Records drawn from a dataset
········

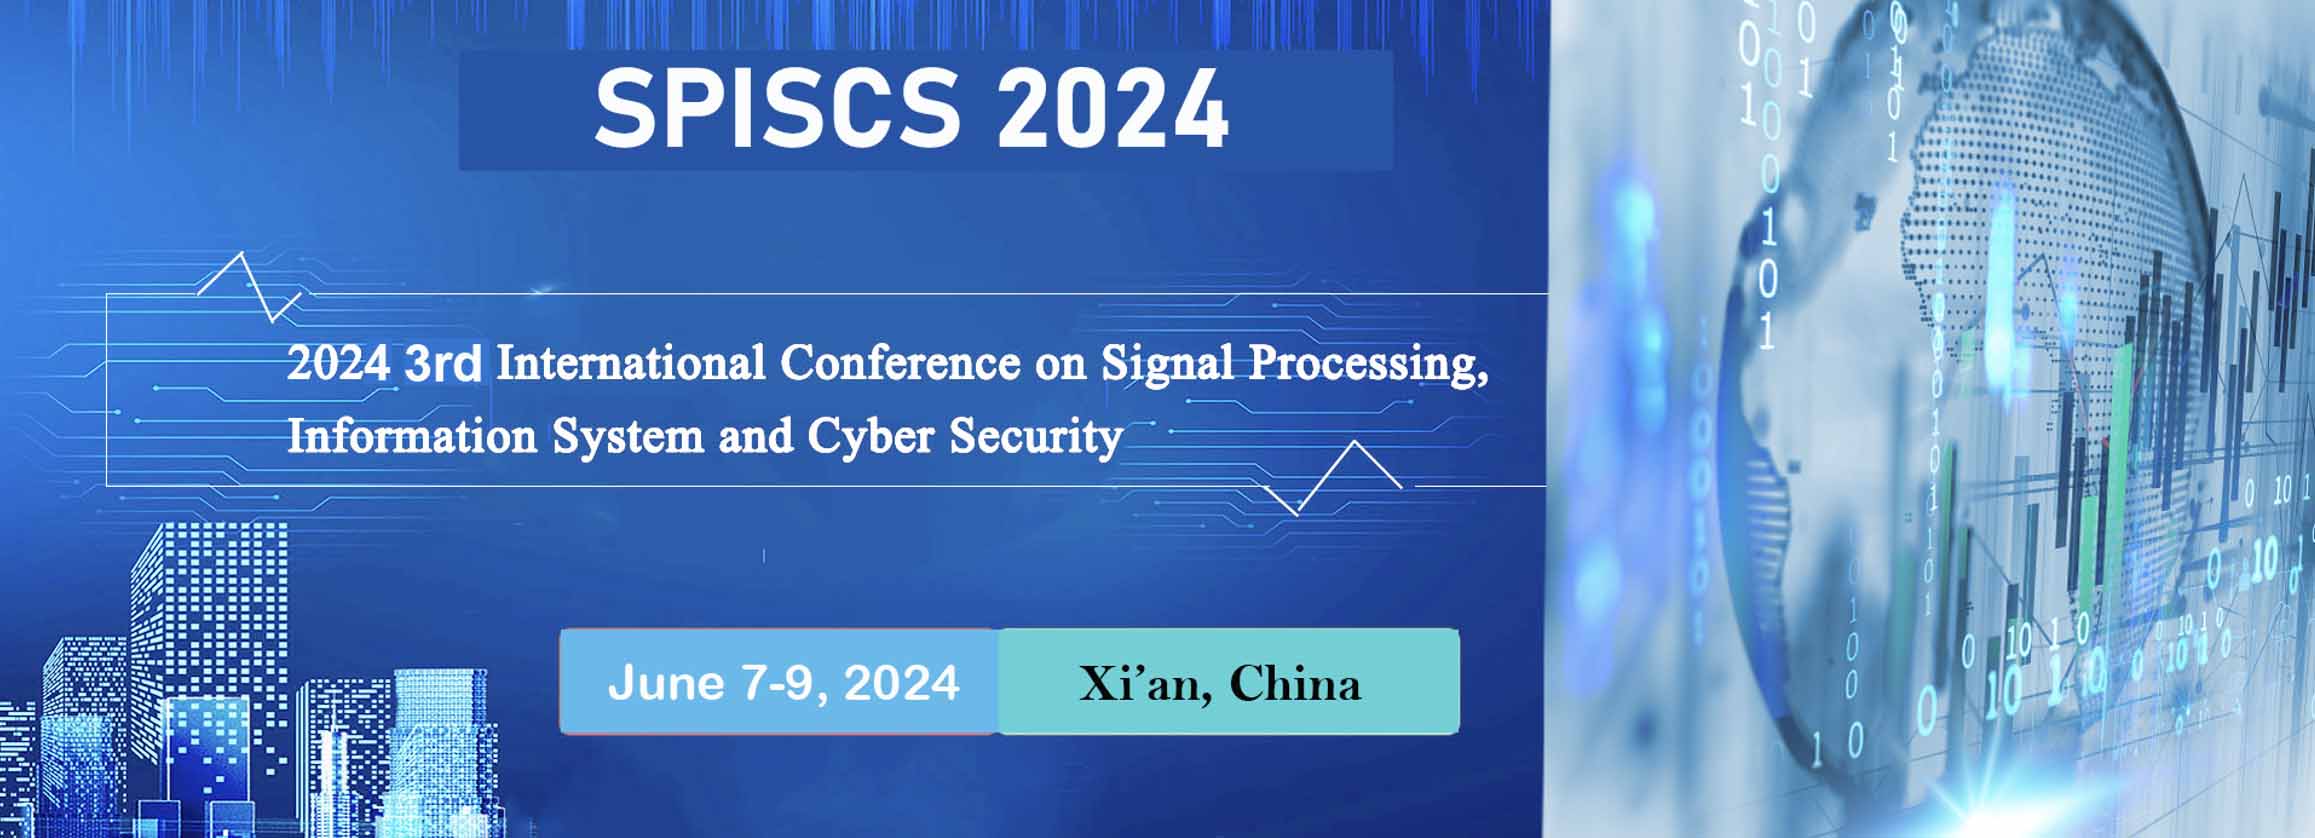 2024 3rd International Conference on Signal Processing, Information System and Cyber Security (SPISCS 2024), Xi'an, Shanxi, China
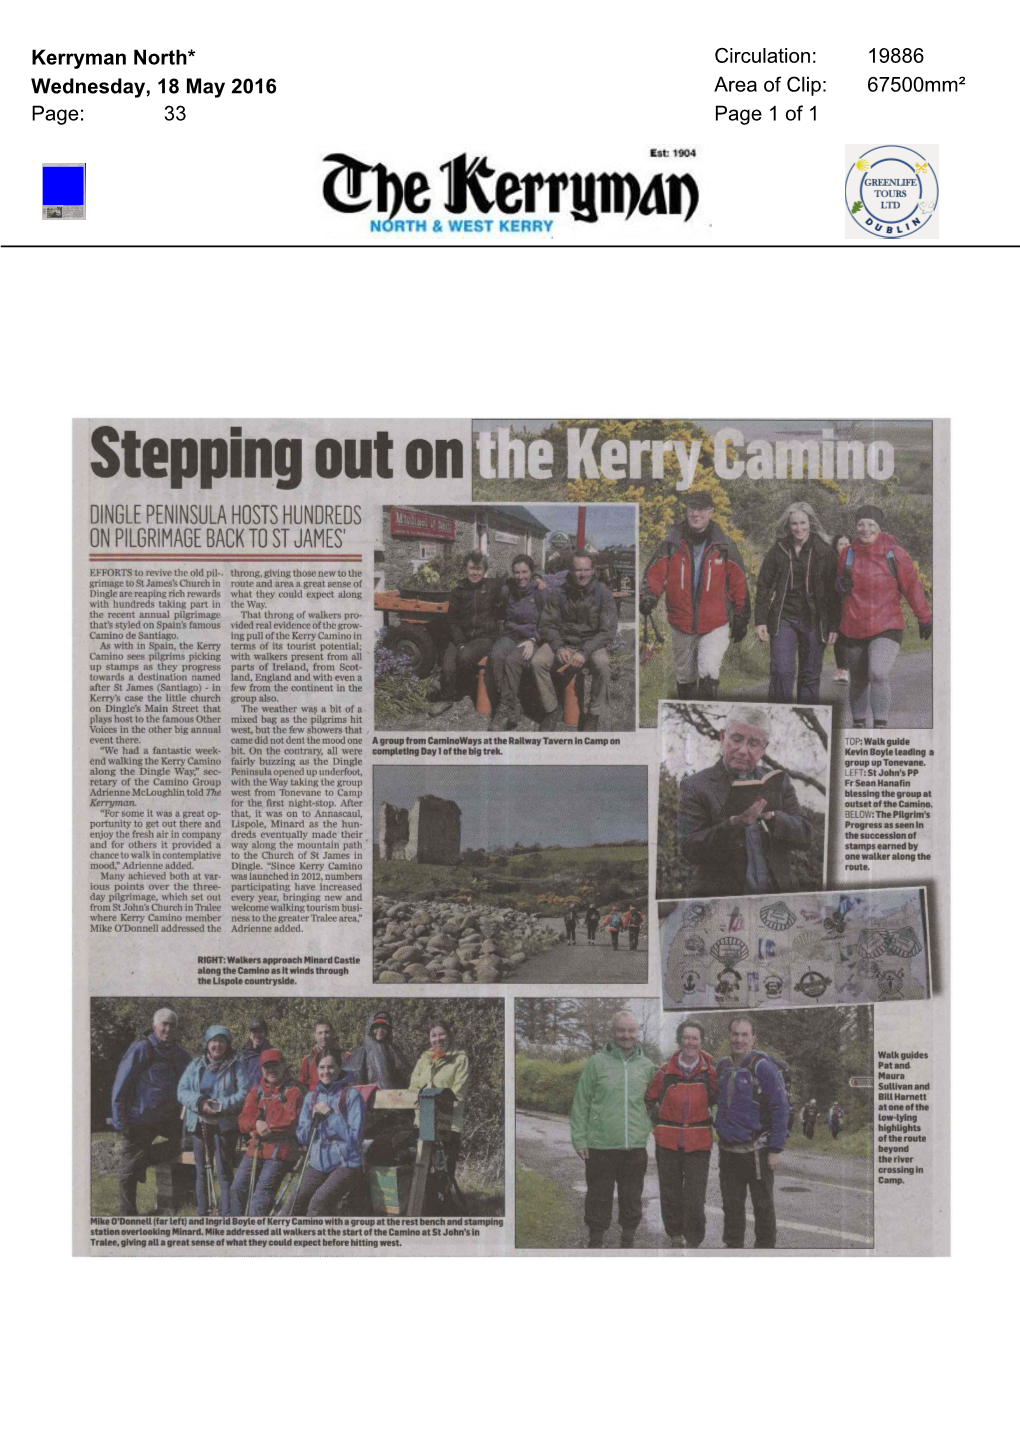 Stepping out on the Kerry Camino
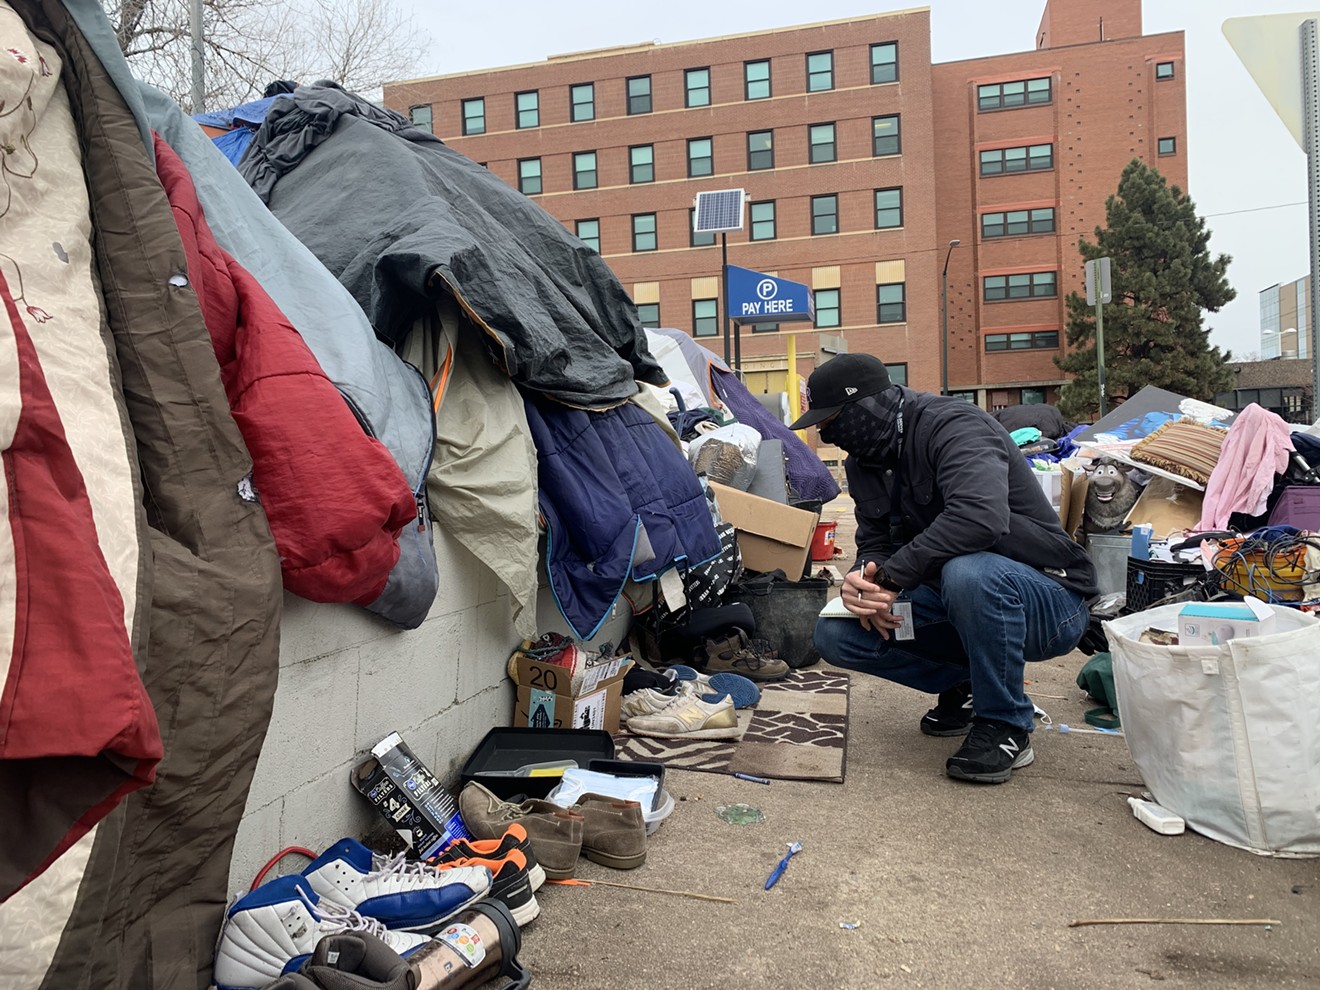 Scott Lawson visits small encampments and tries to get people living there connected with services.
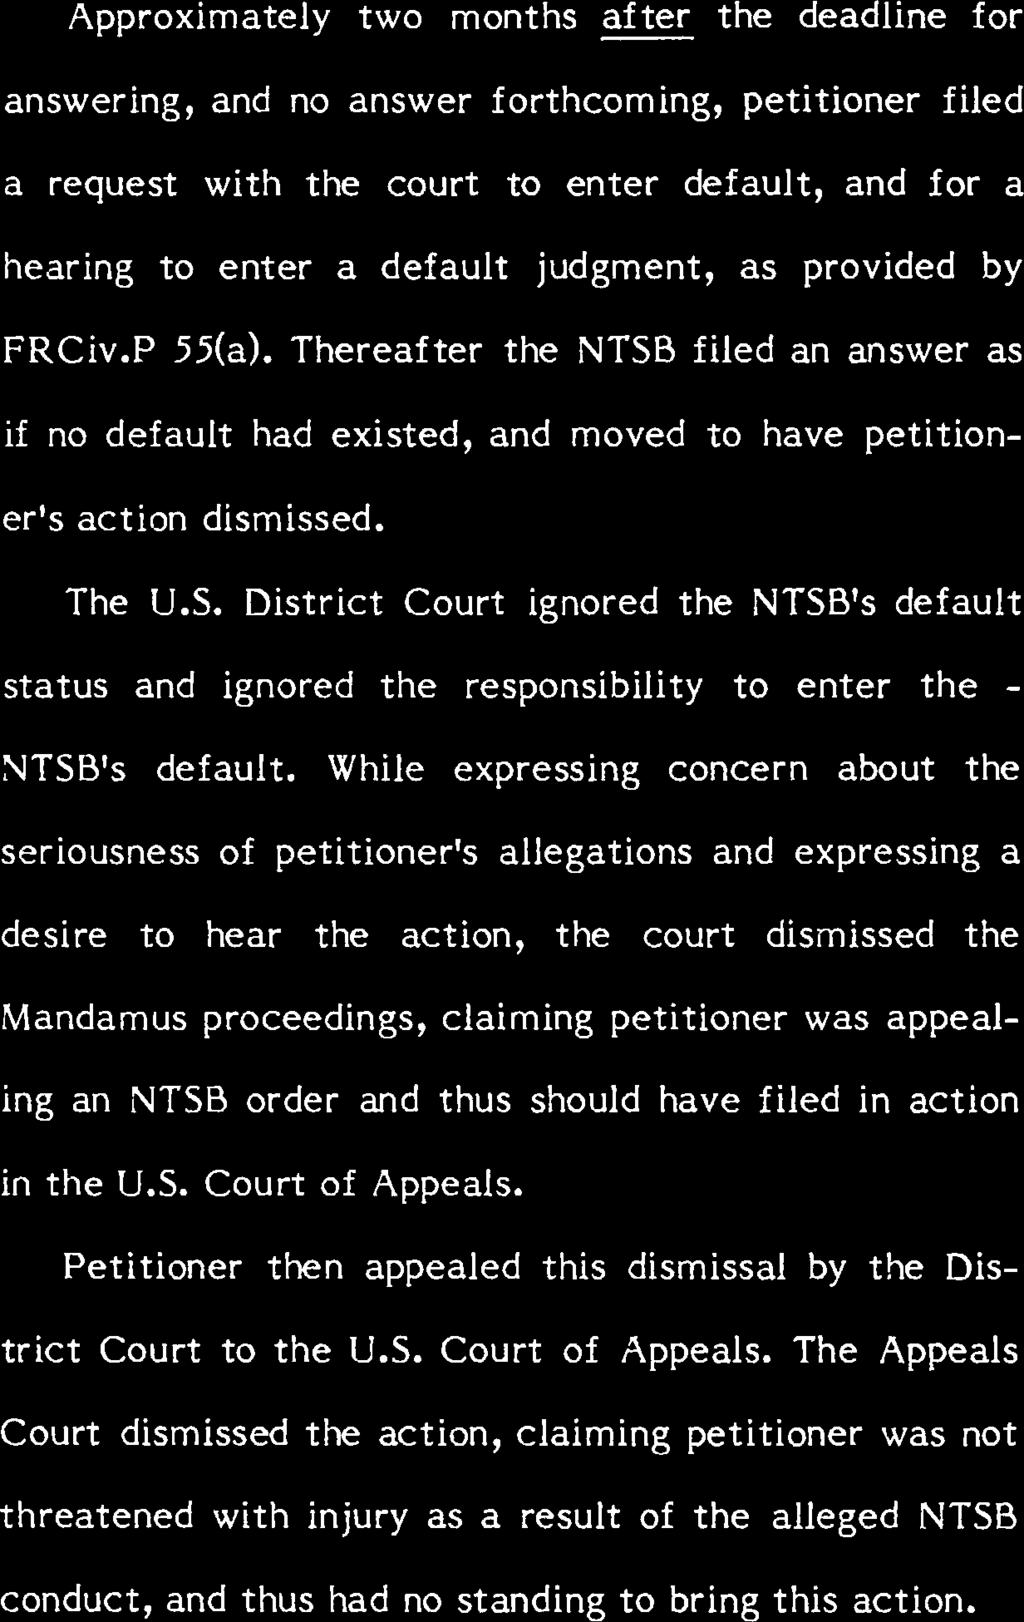 provided by FRCiv.P 55(a). Thereafter the NTSB filed an answer as if no default had existed, and moved to have petitioner's action dismissed. The U.S. District Court ignored the NTSB's default status and ignored the responsibility to enter the - NTSB's default.
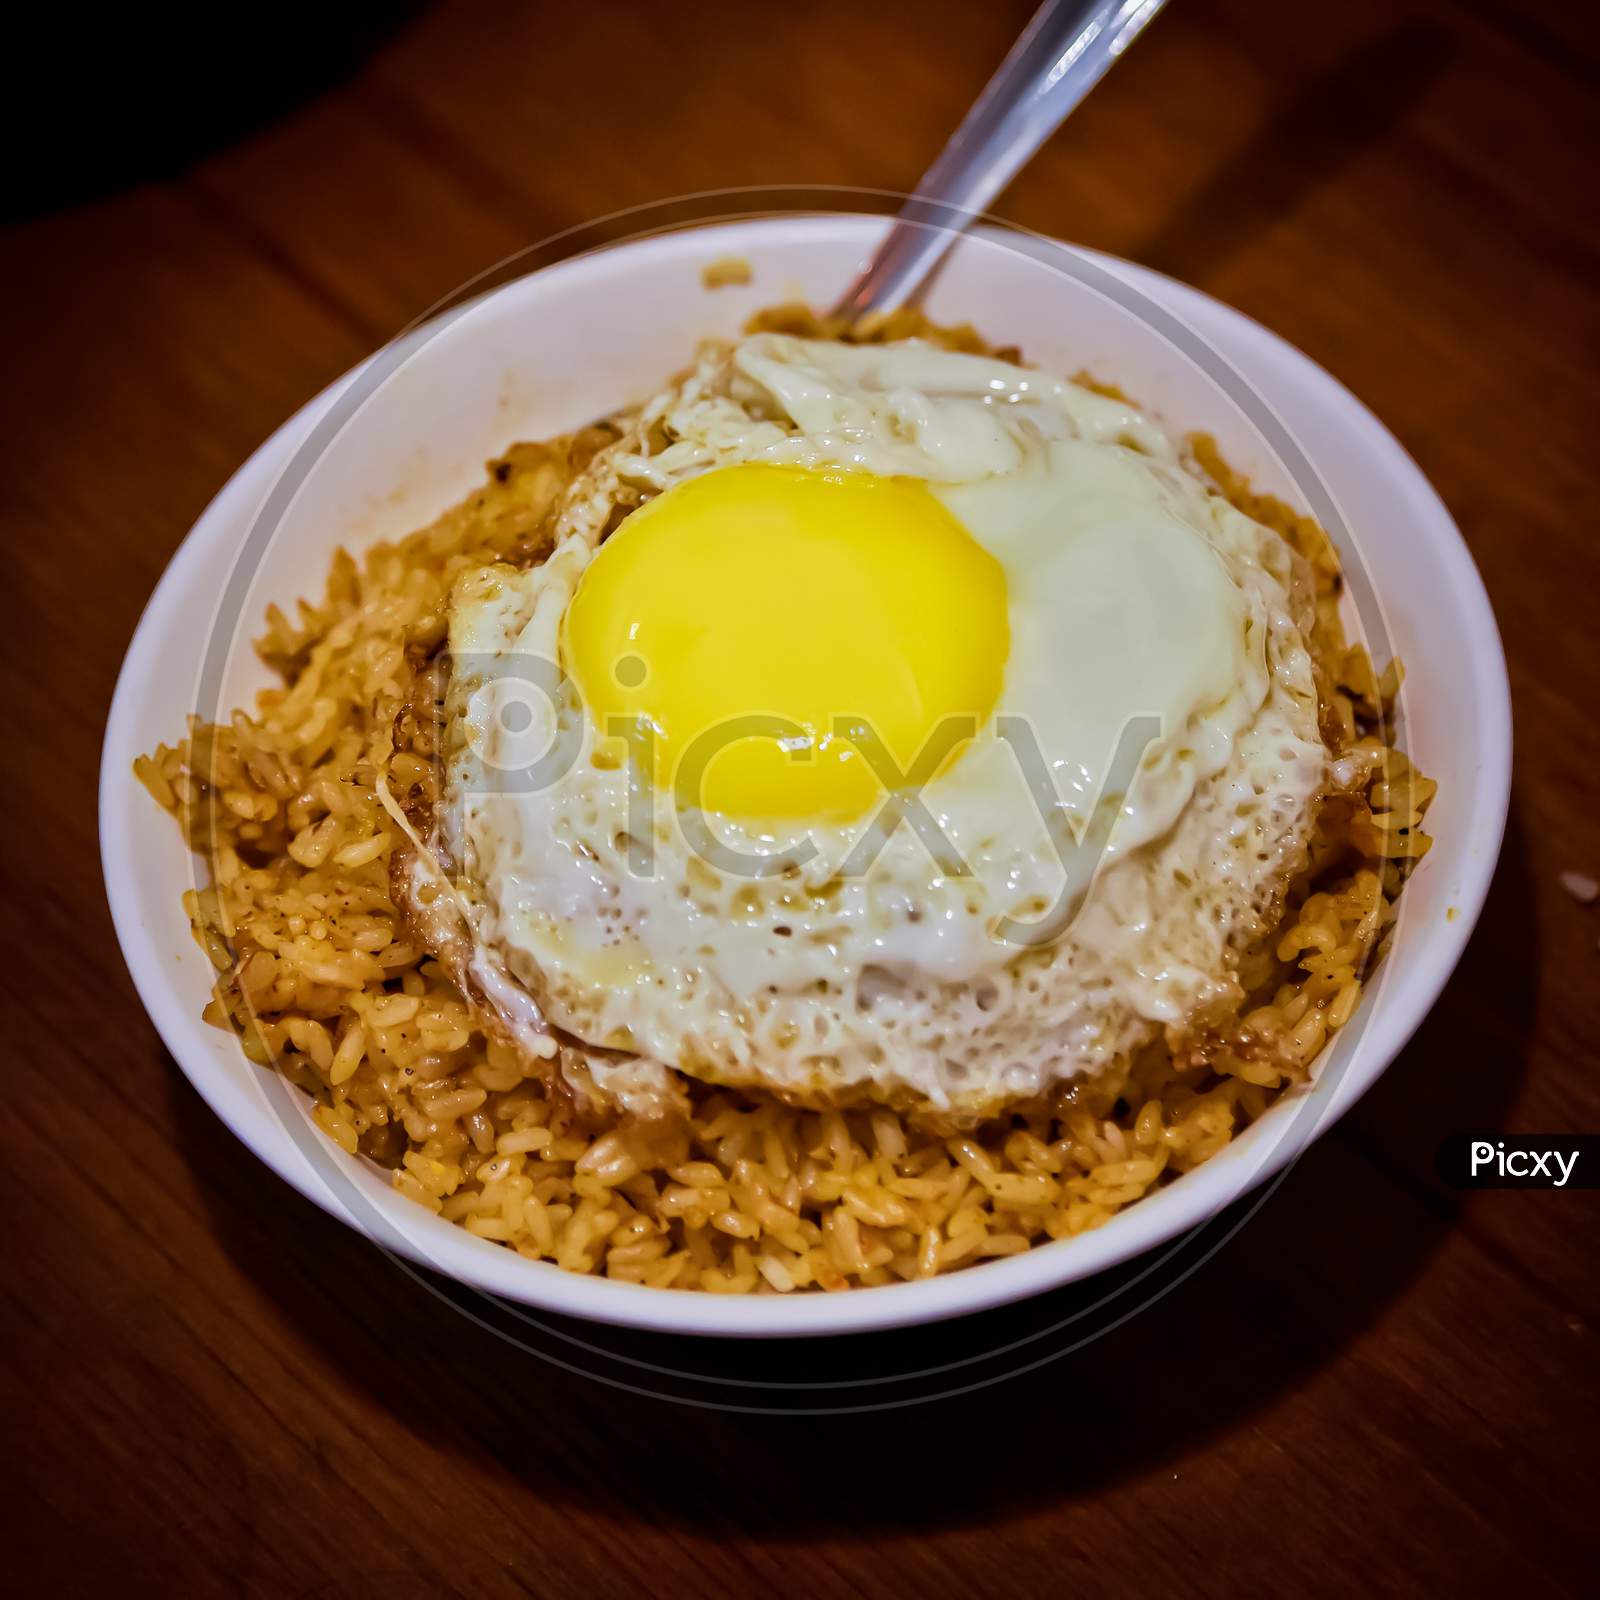 Spicy Schezwan Fried Rice With Fried Egg On Top.

········

## EXERCISE OBJECTIVE:
Without the pictures, give the entries above back exactly.

## RESPONSE FOR THIS EXERCISE:
 2024 3rd International Conference on Signal Processing, Information System and Cyber Security (SPISCS 2024), Xi'an, Shanxi, China
 Stepping out on the Kerry Camino
 Scott Lawson visits small encampments and tries to get people living there connected with services.
 provided by FRCiv.P 55(a). Thereafter the NTSB filed an answer as if no default had existed, and moved to have petitioner's action dismissed. The U.S. District Court ignored the NTSB's default status and ignored the responsibility to enter the - NTSB's default.
 Spicy Schezwan Fried Rice With Fried Egg On Top.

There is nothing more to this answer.